## [Task brief]
Nothing but the lines from the one with "Schwarz Doppel-Auspuff Auspuffblenden" through the end of the data should be set down, each exactly as written, and no picture should be included.

## [Information shown]
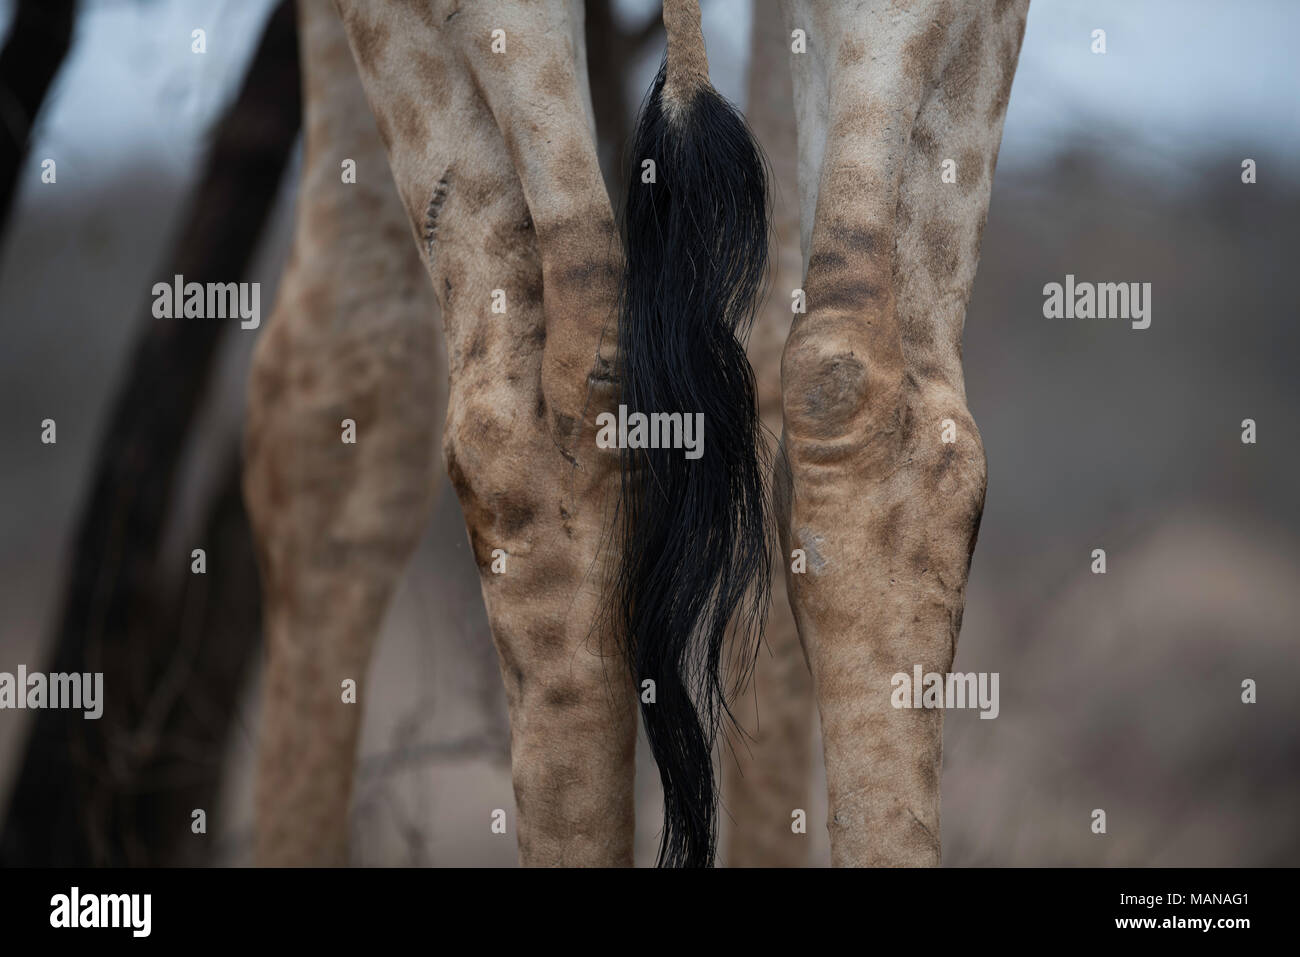 Cerca de la cola y patas traseras de una jirafa Foto de stock
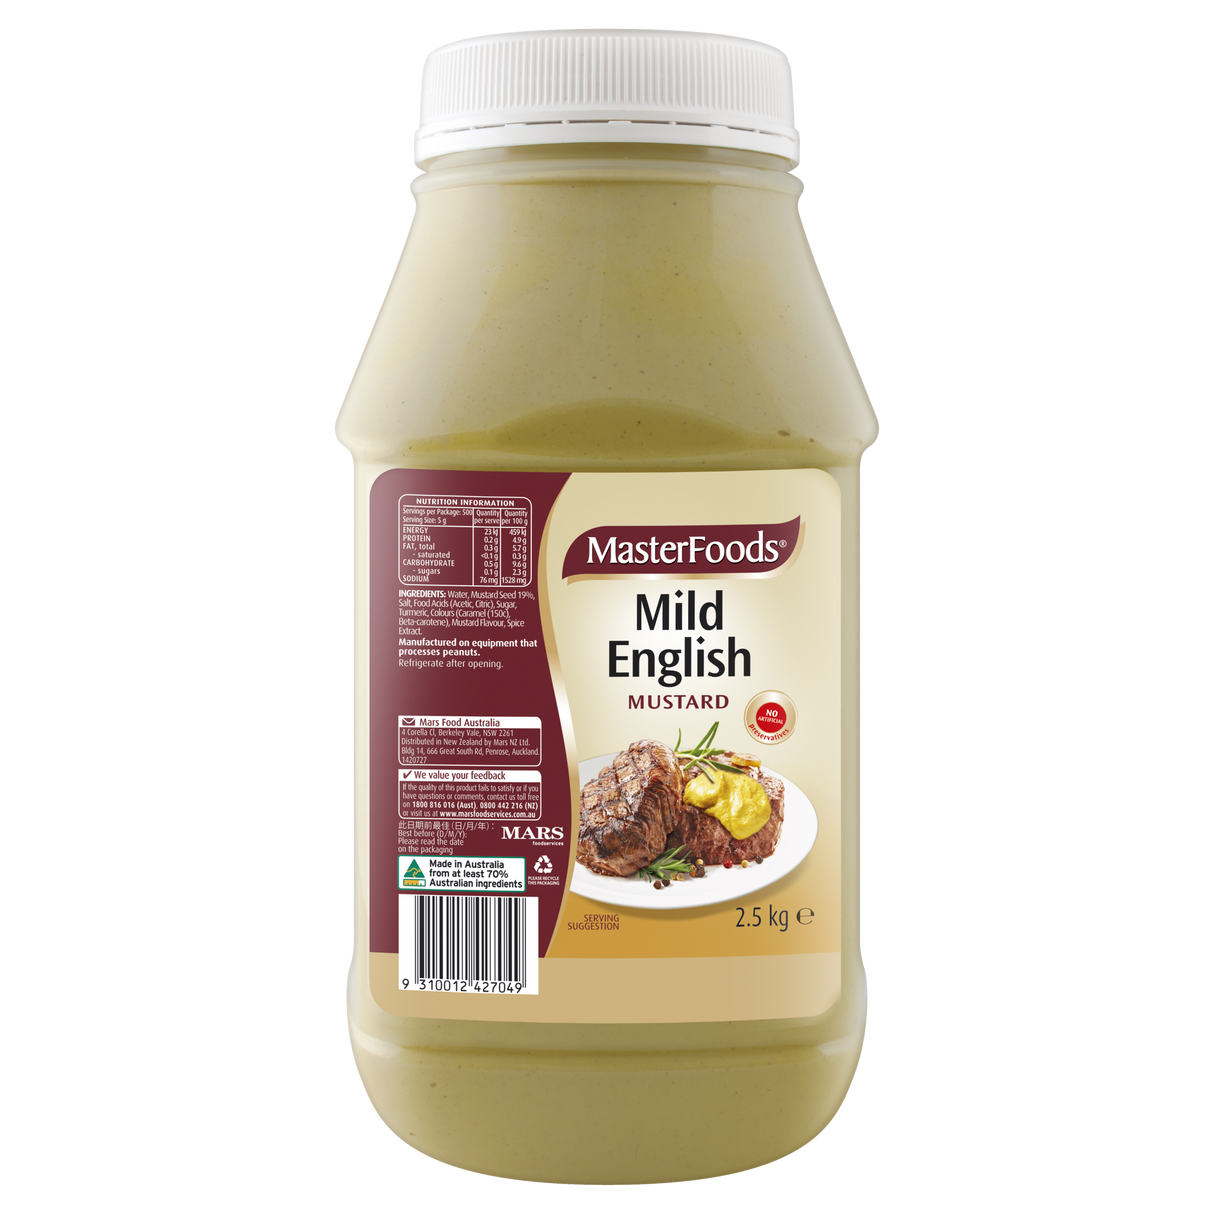 MasterFoods Mild English Mustard 2.5kg
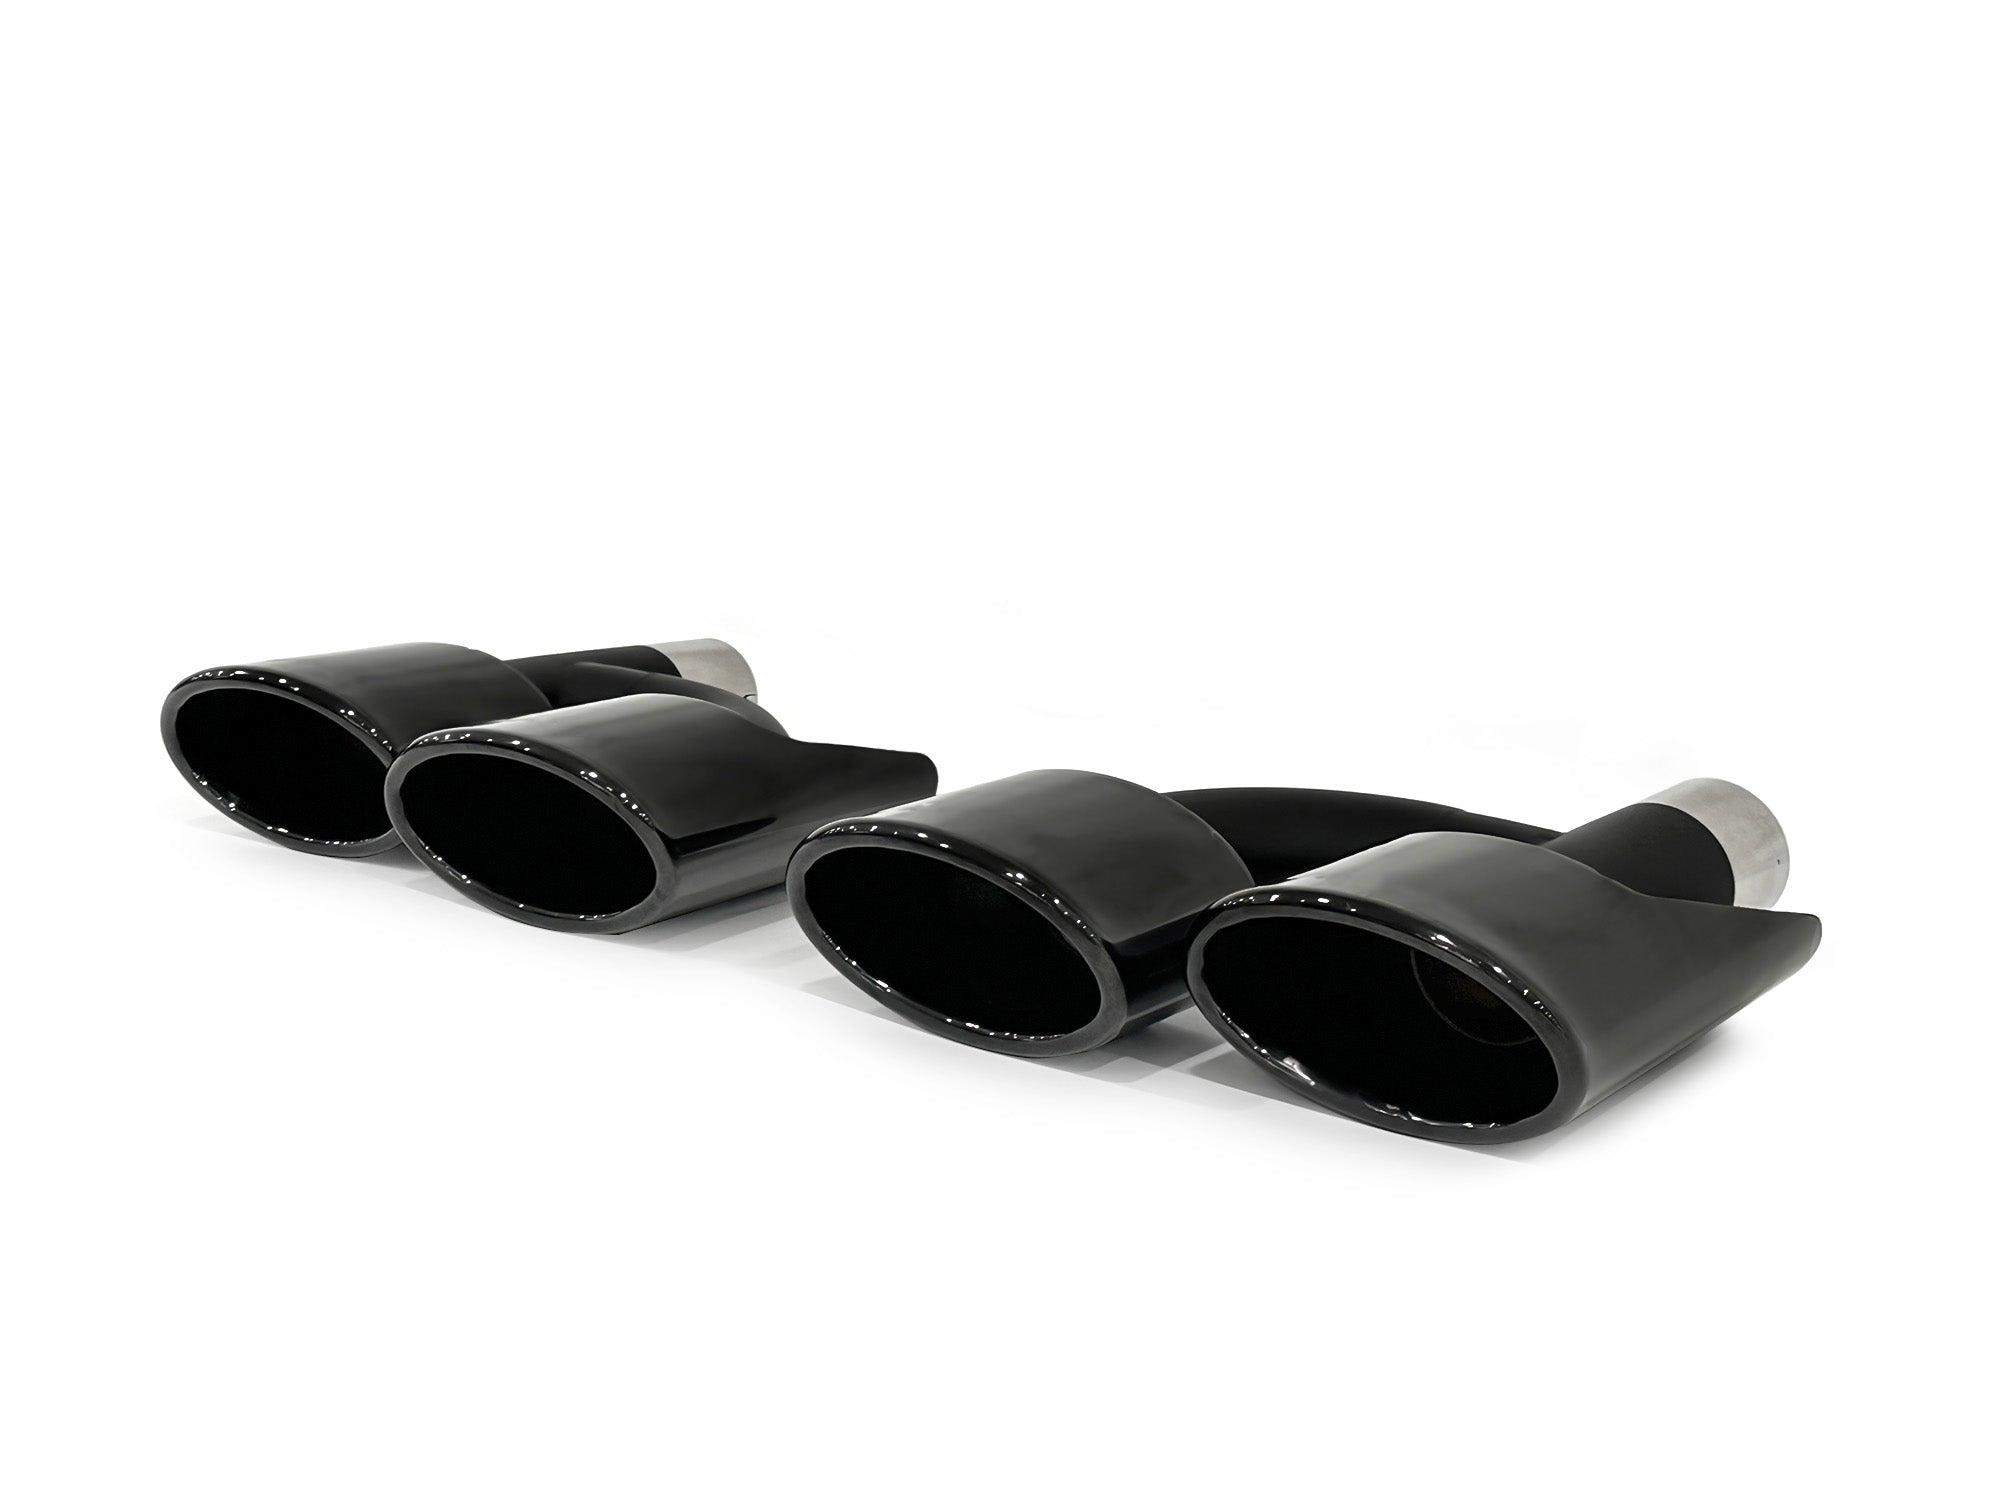 Schwarz Doppel-Auspuff Auspuffblenden Auspuff Endrohr für Mercedes Benz W221 W211 W204 C218 R171 et250
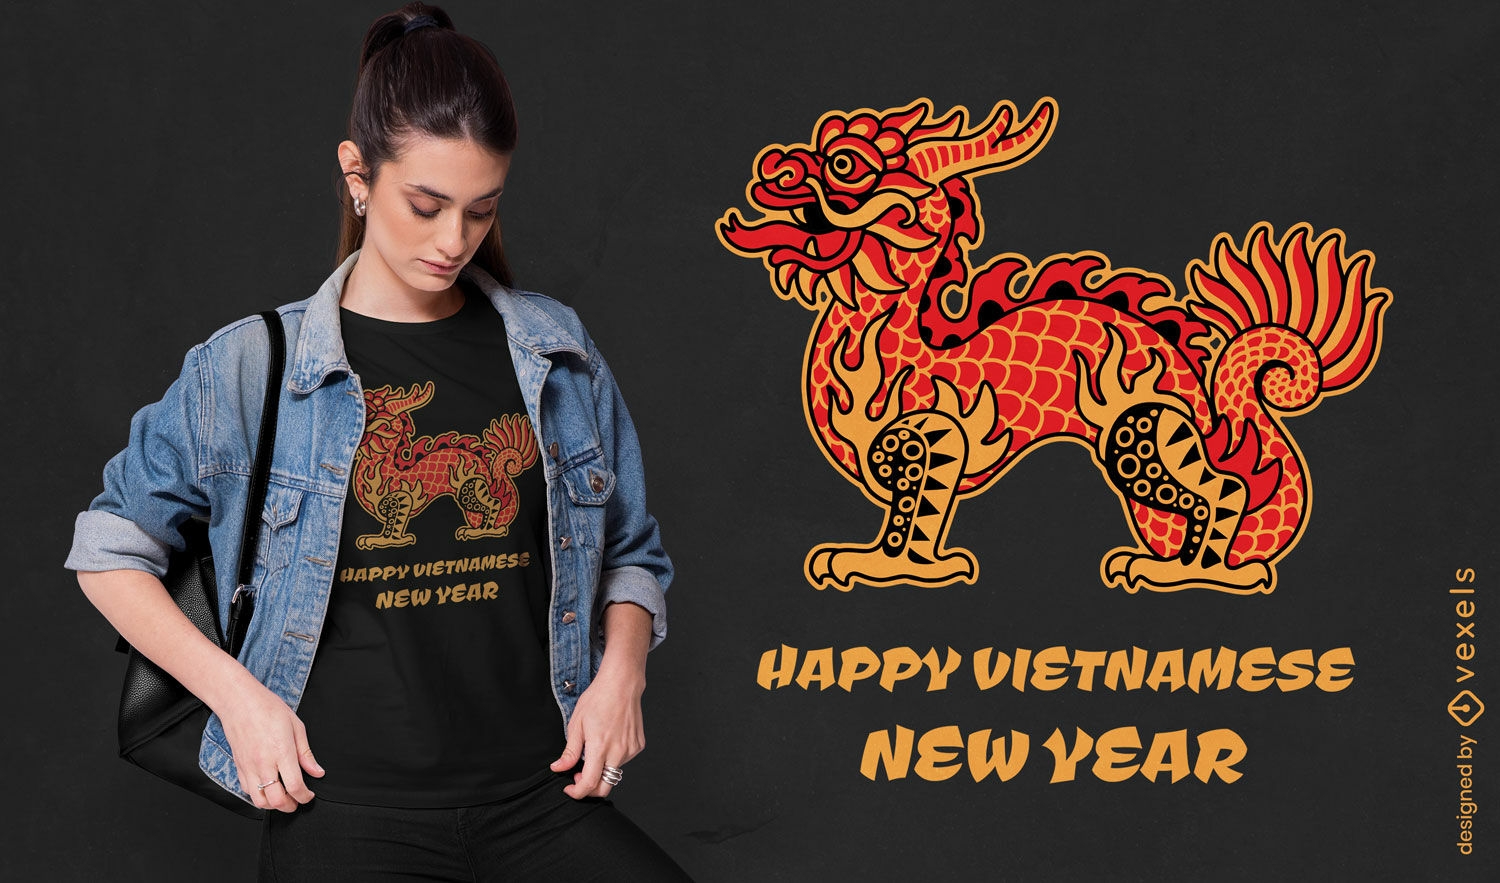 Diseño de camiseta feliz año nuevo vietnamita.

## [Your solution]
 Schwarz Doppel-Auspuff Auspuffblenden Auspuff Endrohr für Mercedes Benz W221 W211 W204 C218 R171 et250
 Diseño de camiseta feliz año nuevo vietnamita.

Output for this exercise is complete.